Haverfield nodded. “We might not see a prairie dog all day,” he said. “I’m seeing more hawks than I am prairie dogs.”
But this, he added, was just the point. Centuries ago, dog towns on the plains were kept in check by a host of predators, including hawks, eagles, and ferrets. But the systematic extermination of dog towns had gradually wiped out the predators as well. For most of his life, Haverfield said, “I’d never seen an eagle here, and I didn’t know what a ferruginous hawk was.”
Now these predators were back. “About three weeks ago, we saw forty ferruginous in two hours,” he said. “Yesterday, I saw a golden eagle on a highline pole.” To Haverfield, this made the talk of a “prairie-dog problem” shortsighted at best. The problem had never really been the dogs. It was the lack of predators, and the two canceled each other out.
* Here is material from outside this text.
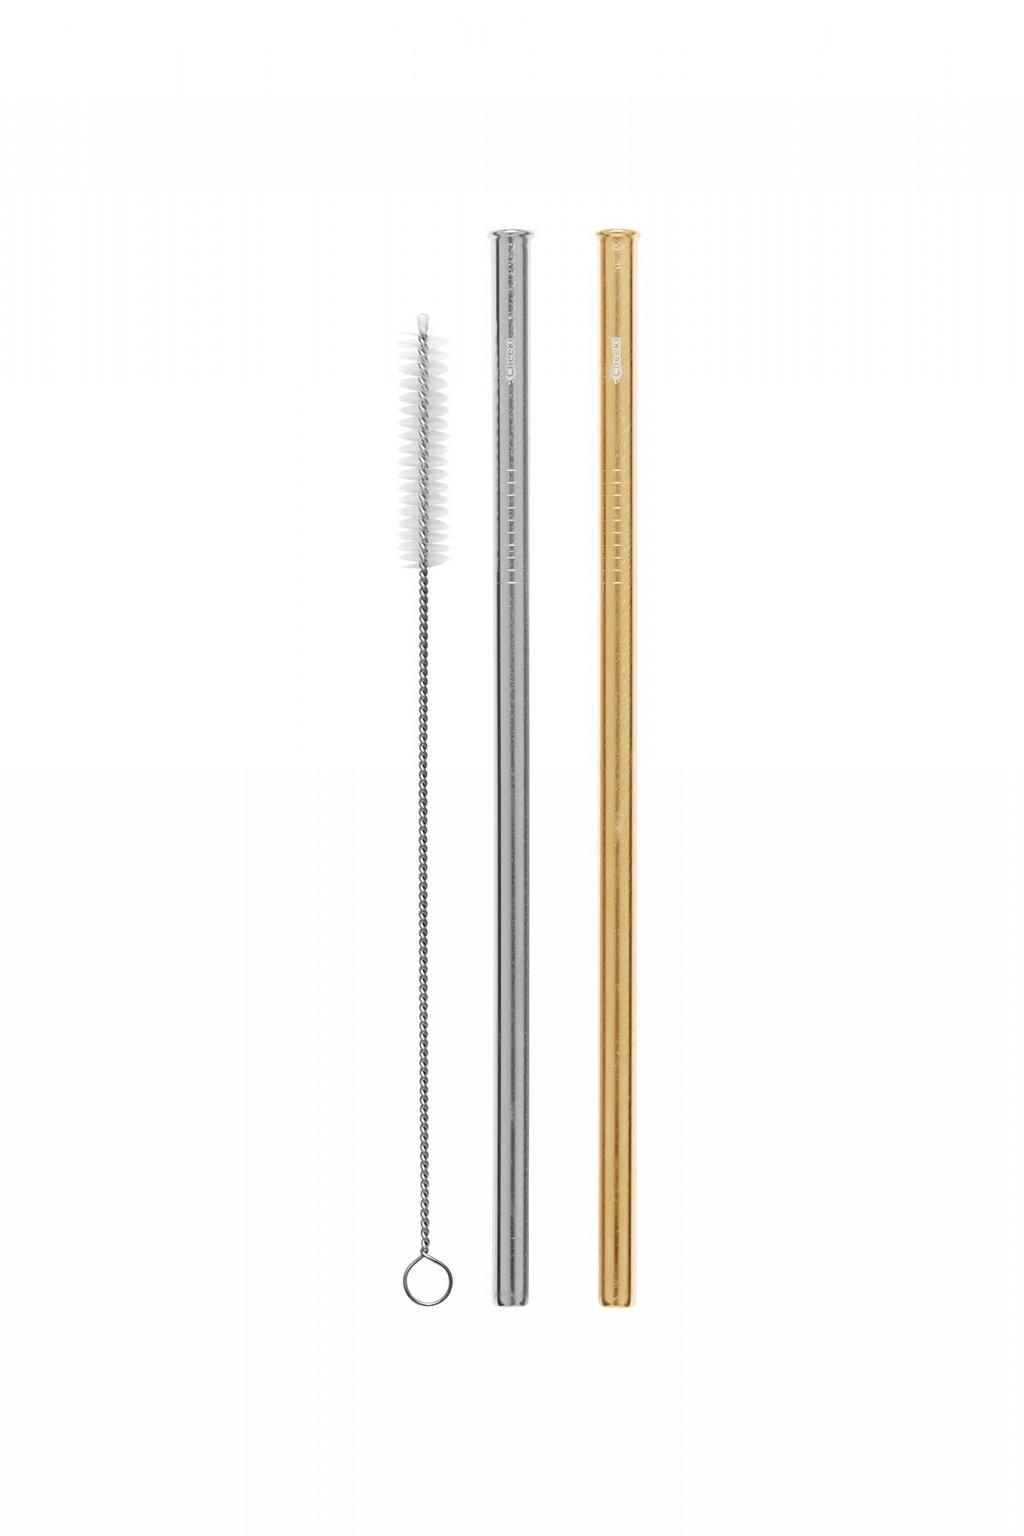 Nerezové slamky Cheeki silver + gold - 2ks s kefkou na čistenie

Haverfield gulped the last of his tea and invited us to have a look, so we crammed three wide into his pickup and rattled out across the open fields. Here and there, we did see dogs pop up to sniff the wind, but Haverfield was right: the more dazzling spectacle was overhead, as hawks and eagles spiraled in such numbers that Teske, a lifelong Kansan, kept shaking his head in disbelief and saying things like, “Them get big!”
After a few minutes, Haverfield pointed to a small butte on the horizon with a thin crust of rock at the top. “That,” he said, “is the Ogallala.”
Teske laughed. “You’re underneath it!” he said. In this area, the layer of rock at the bottom of the aquifer had never been covered with sediment. In fact, that layer itself had eroded, dropping the surface of the landscape until the only place the aquifer basin remained was on the tops of the hills that hadn’t washed away. All of which made Haverfield’s ranch an accidental model for the post-Ogallala future: there was not a quadrillion-gallon jackpot below. Yet somehow, with Savory’s guidance, Haverfield got by. Even without the Ogallala, he said, there was a shallow aquifer a few feet down that produced a thin stream of water — not enough to row-crop corn, or any of the other madness on the plains, but enough, it turned out, to survive. “We could do everything we need with two ten-gallon wells,” he said.
This turned out to be Haverfield’s mantra. Nothing about the ranch was ideal, but at each turn, he had chosen wisdom over comfort. The well might be shallow, the fencing system complex, the fields shot through with dog towns and burrows — but in the end, the place offered a vision of livestock on the plains that could last without destroying the land.
As we neared the edge of a rotation paddock, we could see the strands of an electric fence drawing close, but Haverfield kept speeding forward with no sign of slowing down. He flashed a rascally smile and said, “You want to see how I cross?” Before we could answer, he’d thrown the truck into low gear, opened the door, and jumped out, leaving Teske and me in the driverless pickup still lurching toward the electric wires, until here came Haverfield sprinting ahead, kicking up a seventy-four-year-old leg to stomp down on all the wires at once, just in time for the truck to rumble across, while Teske and I glanced at each other in disbelief. The driver’s door began to rattle again, and Haverfield leapt back into the cab. Teske chewed on his cigar. “Well,” he said slowly. “Damn.”